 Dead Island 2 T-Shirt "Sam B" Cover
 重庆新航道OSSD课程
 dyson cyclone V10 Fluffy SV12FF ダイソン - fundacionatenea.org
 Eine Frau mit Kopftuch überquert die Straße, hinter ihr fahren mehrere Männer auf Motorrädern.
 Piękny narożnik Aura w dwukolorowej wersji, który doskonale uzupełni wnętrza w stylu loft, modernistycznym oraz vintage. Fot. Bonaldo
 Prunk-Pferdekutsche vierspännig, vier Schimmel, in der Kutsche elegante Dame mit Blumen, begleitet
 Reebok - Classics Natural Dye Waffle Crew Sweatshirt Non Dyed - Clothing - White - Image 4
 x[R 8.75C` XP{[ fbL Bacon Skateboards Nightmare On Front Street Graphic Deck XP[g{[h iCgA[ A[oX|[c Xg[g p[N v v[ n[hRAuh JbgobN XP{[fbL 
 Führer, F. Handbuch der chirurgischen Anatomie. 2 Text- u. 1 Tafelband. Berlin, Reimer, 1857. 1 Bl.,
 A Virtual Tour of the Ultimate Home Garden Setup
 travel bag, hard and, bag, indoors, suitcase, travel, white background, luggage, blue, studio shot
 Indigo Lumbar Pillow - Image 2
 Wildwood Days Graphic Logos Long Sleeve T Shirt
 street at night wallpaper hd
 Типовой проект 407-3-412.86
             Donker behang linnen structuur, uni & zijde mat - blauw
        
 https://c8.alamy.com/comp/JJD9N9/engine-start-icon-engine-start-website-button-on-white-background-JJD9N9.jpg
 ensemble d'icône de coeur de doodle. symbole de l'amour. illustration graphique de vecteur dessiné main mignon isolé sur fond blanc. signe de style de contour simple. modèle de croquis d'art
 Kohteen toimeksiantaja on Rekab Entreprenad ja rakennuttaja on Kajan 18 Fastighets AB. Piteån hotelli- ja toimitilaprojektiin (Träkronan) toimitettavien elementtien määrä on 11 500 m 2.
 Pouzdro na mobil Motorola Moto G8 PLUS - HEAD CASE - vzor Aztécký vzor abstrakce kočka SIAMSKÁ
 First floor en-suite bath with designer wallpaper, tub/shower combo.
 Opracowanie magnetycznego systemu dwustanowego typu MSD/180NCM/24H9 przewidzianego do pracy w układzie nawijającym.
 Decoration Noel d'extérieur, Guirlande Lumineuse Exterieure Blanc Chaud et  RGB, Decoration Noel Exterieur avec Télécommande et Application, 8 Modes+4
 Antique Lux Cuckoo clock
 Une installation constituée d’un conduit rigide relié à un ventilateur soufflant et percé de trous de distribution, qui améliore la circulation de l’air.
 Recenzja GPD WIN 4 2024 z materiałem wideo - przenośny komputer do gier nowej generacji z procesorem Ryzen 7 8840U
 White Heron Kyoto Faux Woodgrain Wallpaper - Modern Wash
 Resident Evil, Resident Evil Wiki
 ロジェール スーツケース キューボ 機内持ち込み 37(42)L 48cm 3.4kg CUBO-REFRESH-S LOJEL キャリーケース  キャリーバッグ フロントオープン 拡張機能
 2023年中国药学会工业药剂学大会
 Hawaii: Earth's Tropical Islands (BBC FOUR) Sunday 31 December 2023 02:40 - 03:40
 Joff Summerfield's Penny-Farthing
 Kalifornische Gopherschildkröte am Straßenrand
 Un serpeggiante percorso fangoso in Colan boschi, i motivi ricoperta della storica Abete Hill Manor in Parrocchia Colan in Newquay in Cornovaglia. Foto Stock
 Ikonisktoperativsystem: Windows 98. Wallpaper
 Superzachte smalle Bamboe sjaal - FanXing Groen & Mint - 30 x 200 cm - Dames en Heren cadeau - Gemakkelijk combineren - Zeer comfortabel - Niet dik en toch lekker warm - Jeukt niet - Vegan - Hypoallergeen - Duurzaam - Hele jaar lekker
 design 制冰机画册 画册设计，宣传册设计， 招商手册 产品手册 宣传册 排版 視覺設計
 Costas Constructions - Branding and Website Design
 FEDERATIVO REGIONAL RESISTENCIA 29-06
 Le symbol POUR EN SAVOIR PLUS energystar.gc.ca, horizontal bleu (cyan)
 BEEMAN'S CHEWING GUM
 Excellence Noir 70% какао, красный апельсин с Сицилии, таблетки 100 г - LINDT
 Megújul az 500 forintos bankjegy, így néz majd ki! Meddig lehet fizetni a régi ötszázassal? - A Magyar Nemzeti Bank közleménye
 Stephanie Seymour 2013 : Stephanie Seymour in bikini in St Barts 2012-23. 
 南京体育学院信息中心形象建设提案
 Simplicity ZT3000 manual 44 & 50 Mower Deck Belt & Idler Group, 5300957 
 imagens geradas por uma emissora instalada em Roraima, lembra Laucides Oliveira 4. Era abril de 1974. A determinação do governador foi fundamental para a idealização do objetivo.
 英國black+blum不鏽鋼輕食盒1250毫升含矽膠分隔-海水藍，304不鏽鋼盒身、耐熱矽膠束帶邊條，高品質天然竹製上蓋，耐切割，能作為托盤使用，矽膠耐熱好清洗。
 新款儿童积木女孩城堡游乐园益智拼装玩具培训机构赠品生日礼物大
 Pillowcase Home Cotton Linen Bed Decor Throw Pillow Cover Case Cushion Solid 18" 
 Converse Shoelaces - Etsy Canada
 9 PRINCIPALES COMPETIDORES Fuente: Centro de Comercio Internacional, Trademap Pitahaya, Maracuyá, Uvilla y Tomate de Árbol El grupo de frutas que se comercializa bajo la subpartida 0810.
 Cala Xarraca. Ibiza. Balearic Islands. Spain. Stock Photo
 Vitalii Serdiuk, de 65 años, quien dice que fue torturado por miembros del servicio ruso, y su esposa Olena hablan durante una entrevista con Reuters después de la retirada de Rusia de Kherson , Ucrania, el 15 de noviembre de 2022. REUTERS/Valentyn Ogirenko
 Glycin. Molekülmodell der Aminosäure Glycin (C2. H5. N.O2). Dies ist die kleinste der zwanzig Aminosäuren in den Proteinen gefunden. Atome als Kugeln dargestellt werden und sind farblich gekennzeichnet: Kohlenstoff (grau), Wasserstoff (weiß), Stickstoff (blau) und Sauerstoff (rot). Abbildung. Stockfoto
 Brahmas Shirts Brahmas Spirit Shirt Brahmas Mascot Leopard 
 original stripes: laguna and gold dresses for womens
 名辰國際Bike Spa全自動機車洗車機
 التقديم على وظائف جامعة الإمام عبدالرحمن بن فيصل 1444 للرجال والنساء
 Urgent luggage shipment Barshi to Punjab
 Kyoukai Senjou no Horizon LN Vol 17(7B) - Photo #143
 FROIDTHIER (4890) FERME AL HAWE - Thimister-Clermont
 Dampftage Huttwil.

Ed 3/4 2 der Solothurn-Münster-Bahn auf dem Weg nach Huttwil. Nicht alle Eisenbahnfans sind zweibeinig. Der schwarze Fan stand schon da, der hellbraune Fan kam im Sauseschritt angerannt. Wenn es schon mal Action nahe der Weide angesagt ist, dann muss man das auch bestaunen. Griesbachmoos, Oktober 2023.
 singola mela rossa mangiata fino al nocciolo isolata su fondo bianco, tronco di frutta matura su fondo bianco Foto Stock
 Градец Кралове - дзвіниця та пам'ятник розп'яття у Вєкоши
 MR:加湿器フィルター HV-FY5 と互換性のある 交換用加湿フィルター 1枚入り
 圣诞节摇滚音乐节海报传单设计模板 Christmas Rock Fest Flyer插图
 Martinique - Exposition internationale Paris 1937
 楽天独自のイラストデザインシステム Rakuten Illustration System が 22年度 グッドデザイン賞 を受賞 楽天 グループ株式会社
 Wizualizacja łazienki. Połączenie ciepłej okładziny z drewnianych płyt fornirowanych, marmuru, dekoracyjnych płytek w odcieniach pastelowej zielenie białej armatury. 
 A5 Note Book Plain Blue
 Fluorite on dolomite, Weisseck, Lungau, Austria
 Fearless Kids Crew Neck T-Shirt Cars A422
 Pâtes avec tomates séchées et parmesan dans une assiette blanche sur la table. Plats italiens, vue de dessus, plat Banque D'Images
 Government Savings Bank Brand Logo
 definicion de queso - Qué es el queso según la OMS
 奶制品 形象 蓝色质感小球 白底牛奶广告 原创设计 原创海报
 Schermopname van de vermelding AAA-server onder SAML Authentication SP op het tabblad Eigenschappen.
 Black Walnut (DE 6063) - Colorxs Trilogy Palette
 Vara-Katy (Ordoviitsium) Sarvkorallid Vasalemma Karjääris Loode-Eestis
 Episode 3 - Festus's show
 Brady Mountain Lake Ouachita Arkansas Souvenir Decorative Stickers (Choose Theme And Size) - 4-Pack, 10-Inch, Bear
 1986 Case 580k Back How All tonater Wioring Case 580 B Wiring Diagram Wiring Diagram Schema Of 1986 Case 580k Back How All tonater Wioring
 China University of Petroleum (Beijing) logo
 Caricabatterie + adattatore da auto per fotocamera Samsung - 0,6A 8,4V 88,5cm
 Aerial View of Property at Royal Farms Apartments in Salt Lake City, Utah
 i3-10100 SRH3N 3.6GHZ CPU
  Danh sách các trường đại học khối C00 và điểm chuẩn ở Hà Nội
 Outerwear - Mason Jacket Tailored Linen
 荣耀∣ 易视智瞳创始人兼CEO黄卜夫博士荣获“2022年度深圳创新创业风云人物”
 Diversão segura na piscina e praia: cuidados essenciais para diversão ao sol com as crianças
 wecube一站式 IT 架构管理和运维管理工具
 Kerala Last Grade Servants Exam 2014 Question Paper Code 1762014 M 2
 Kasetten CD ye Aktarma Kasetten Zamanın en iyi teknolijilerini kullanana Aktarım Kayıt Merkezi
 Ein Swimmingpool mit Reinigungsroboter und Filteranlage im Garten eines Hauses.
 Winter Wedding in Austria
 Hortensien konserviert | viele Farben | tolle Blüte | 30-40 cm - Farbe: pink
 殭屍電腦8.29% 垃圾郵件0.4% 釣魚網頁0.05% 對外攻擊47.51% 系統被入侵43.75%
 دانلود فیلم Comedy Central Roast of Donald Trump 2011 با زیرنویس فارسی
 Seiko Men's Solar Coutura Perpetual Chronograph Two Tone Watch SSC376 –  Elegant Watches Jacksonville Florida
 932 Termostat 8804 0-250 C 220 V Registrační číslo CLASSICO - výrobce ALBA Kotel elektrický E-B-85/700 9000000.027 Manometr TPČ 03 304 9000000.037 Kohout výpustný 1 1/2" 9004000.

*WHAT YOU NEED TO DO*:
Above are the records; repeat exactly the lines from the one holding "Vitalii Serdiuk, de" down to the one holding "名辰國際Bike Spa全自動機車洗車機", end lines included.

*WRITTEN RESPONSE*:
 Vitalii Serdiuk, de 65 años, quien dice que fue torturado por miembros del servicio ruso, y su esposa Olena hablan durante una entrevista con Reuters después de la retirada de Rusia de Kherson , Ucrania, el 15 de noviembre de 2022. REUTERS/Valentyn Ogirenko
 Glycin. Molekülmodell der Aminosäure Glycin (C2. H5. N.O2). Dies ist die kleinste der zwanzig Aminosäuren in den Proteinen gefunden. Atome als Kugeln dargestellt werden und sind farblich gekennzeichnet: Kohlenstoff (grau), Wasserstoff (weiß), Stickstoff (blau) und Sauerstoff (rot). Abbildung. Stockfoto
 Brahmas Shirts Brahmas Spirit Shirt Brahmas Mascot Leopard 
 original stripes: laguna and gold dresses for womens
 名辰國際Bike Spa全自動機車洗車機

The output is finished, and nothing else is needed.